Jusqu’ici, elle n’a pas provoqué de réaction négative majeure, mais la réforme d’une société imprégnée de conservatisme est risquée en temps de tensions économiques croissantes mais aussi parce que les jeunes pourraient en attendre davantage, mettent en garde des responsables.

Les incohérences soulignent « une stratégie combinée du pousser-tirer », alors que le royaume tente de se réformer sans soubresauts, a déclaré Ali Shihabi, fondateur de l’Arabia Foundation, une fondation proche du pouvoir à Ryad.

Souvent, l’attitude des autorités dépend de la réaction sur les réseaux sociaux. Si un acte devient viral et agite l’opinion publique, il y a un risque de répression.

« Vous continuez à repousser les limites, tout en étant très attentif aux réactions du public et tout en réagissant en conséquence », a déclaré à l’AFP M. Shihabi.

« Zone grise »

Toutefois, les ambiguïtés entretenues par les autorités pourraient s’avérer insoutenables à long terme.

« Le gouvernement s’est donné beaucoup de mal pour faire avancer son projet de modernisation sociale », ont déclaré les chercheuses Eman Alhussein et Sara Almohamadi dans un rapport.

Le Prince Mohammed ben Salmane Al Saud, prince héritier d’Arabie Saoudite, assiste à une réunion des Nations unies à New York, le 27 mars 2018 (Crédit : Bryan R. Smith / AFP)

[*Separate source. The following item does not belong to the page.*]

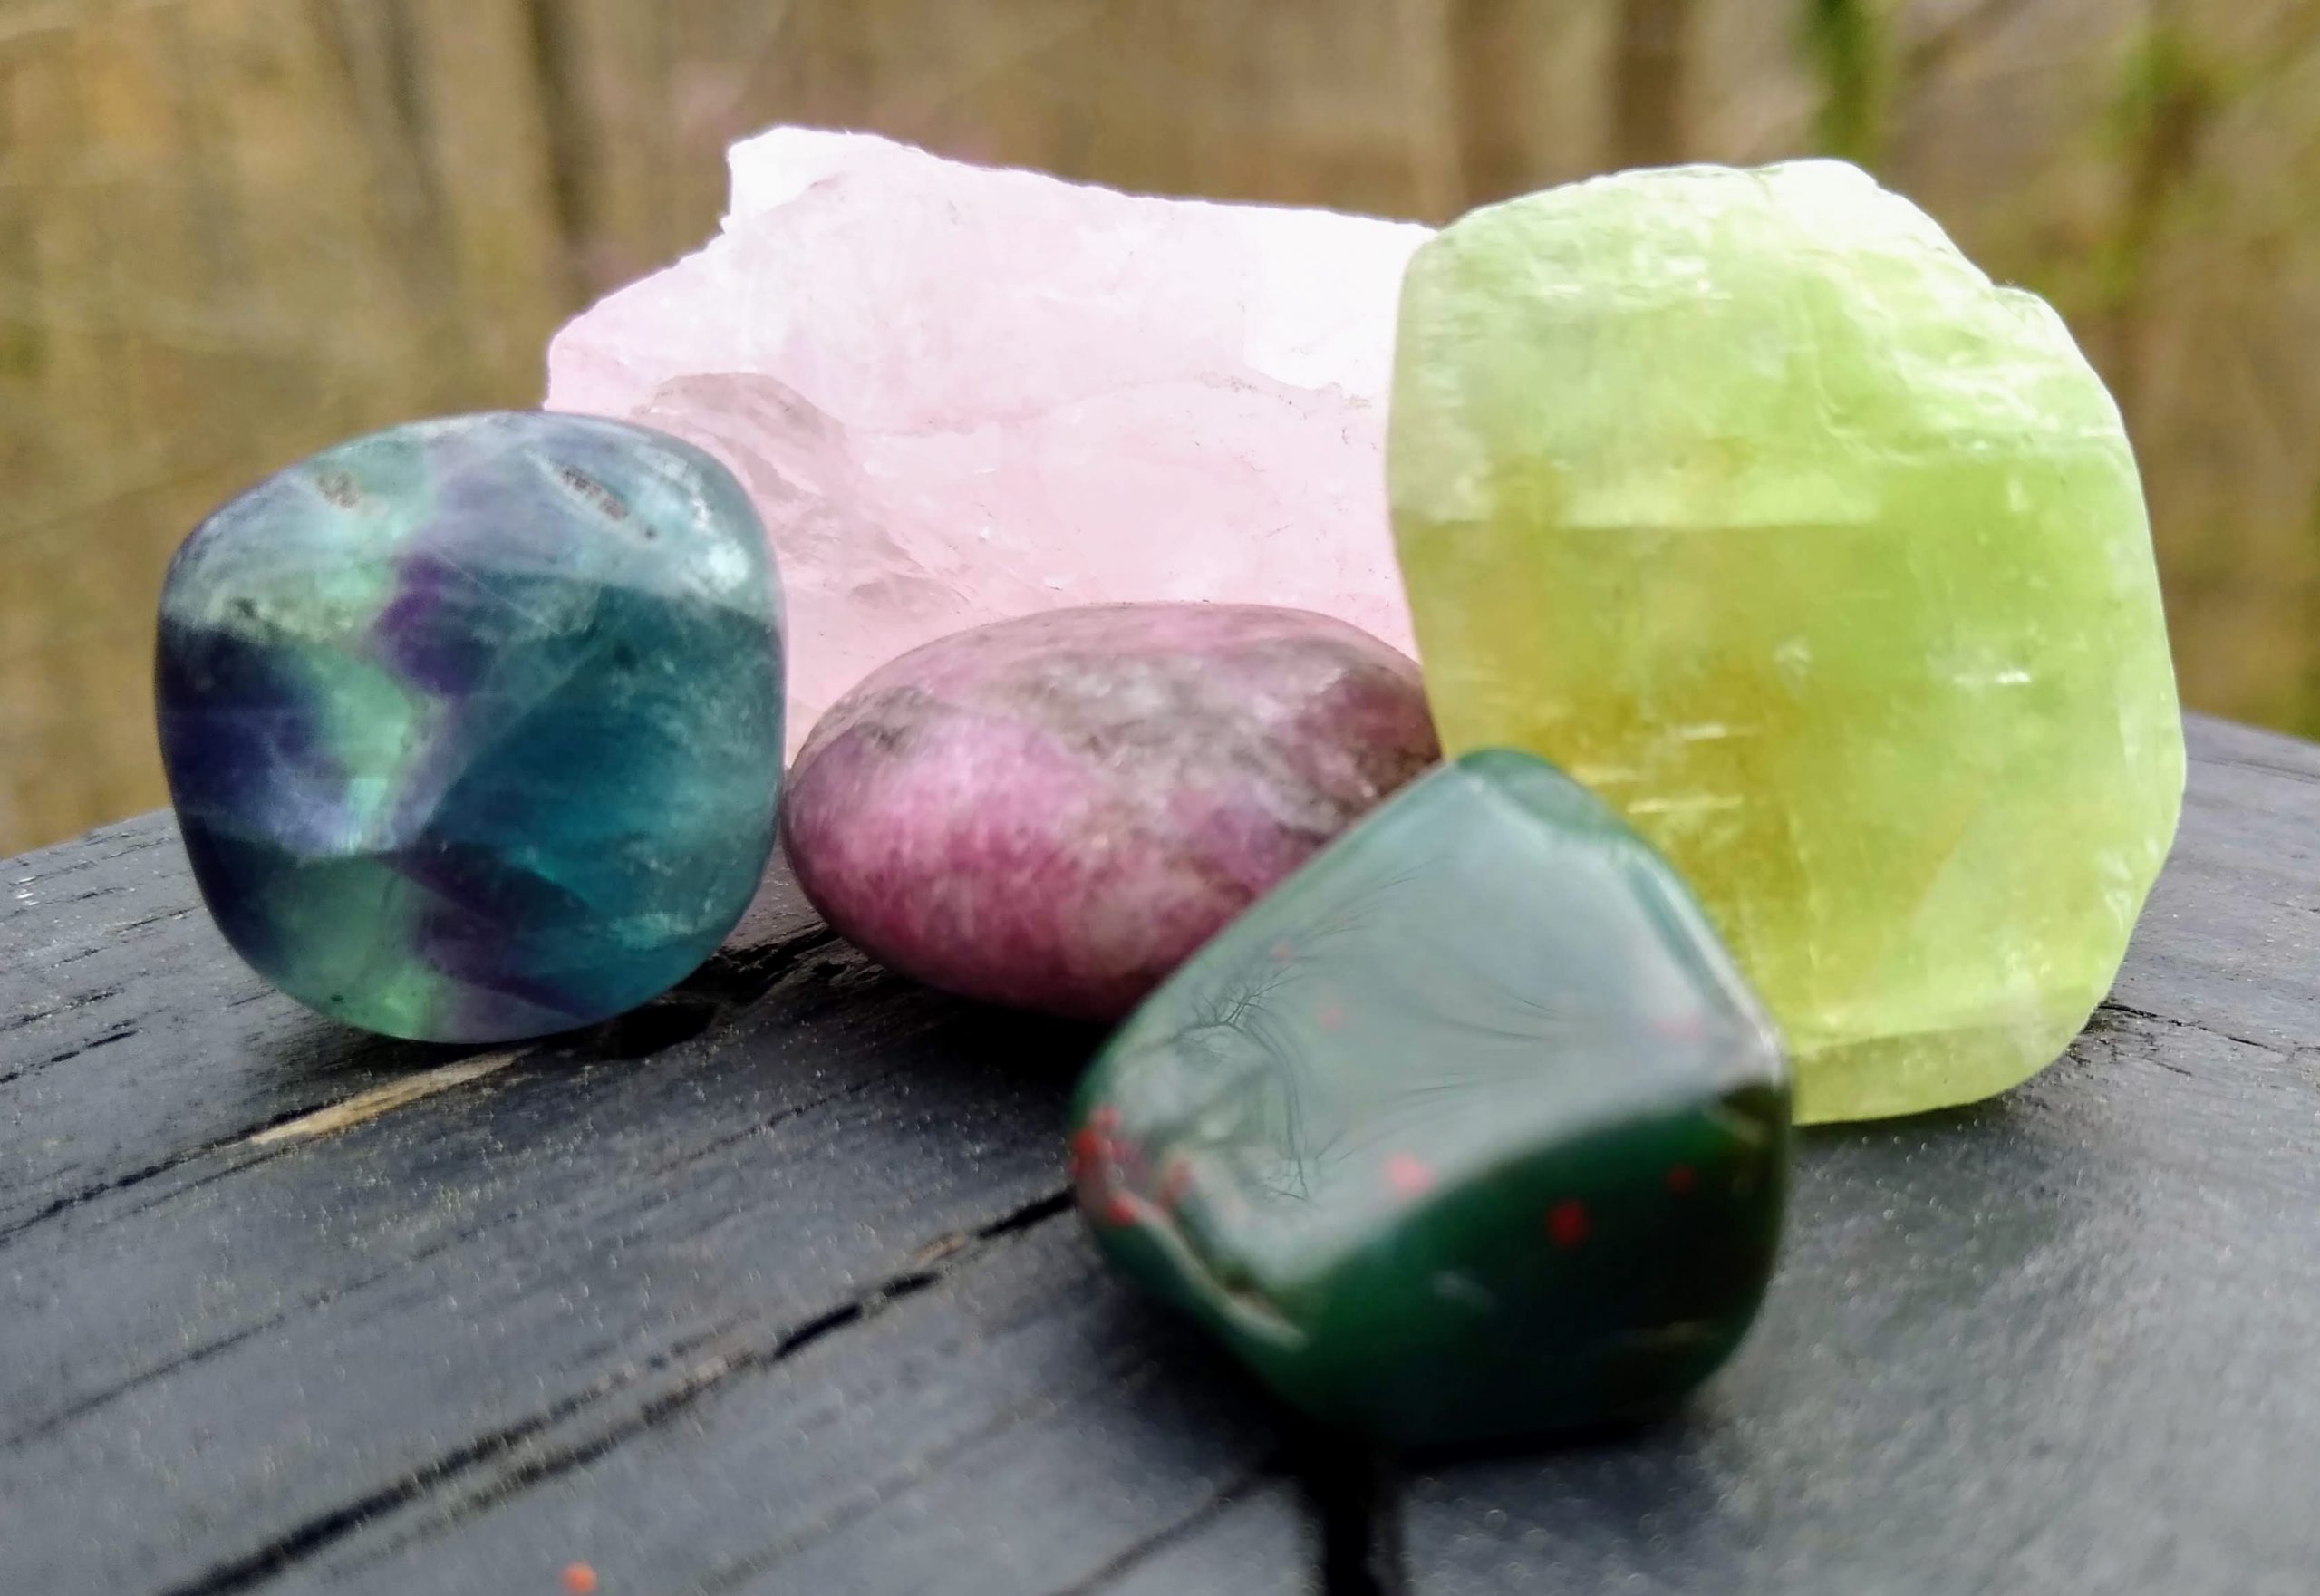 5 recommended crystals for quarantine - rose quartz, lepidolite, green calcite, bloodstone, fluorite

« Cependant, sans fixer de paramètres clairs pour ce qui est acceptable, la zone grise est susceptible de s’étendre davantage et de mettre en péril la réforme sociale », ont-elles estimé.

Nombreux sont ceux qui ressentent déjà les effets de la répression arbitraire alors que le pays semble passer d’une religion austère à un hypernationalisme qui favorise la vénération des dirigeants.

Lors d’un débat télévisé l’année dernière, Abdallah al-Fawzan, membre du Conseil de la Choura (assemblée consultative), a déclaré que les Saoudiens avaient le droit de qualifier quelqu’un de « traître » si cette personne ne défend pas la nation ou choisit de garder le silence.

Le règne de la peur et de la confusion sur les « lignes rouges » a incité de nombreux libéraux à fermer leurs comptes Twitter.

Et comme certains militants emprisonnés sont accusés d’avoir contacté des médias internationaux, les Saoudiens sont réticents quand il s’agit de parler à des journalistes étrangers.

« Il pourrait y avoir un retour de flamme », a dit à l’AFP Kristin Diwan du centre de réflexion Arab Gulf States Institute à Washington.

Elle ajoute : « Il y a un danger à éveiller des soupçons déjà latents à l’égard des étrangers au moment où le pays cherche à s’ouvrir à plus d’investissements étrangers et au tourisme ».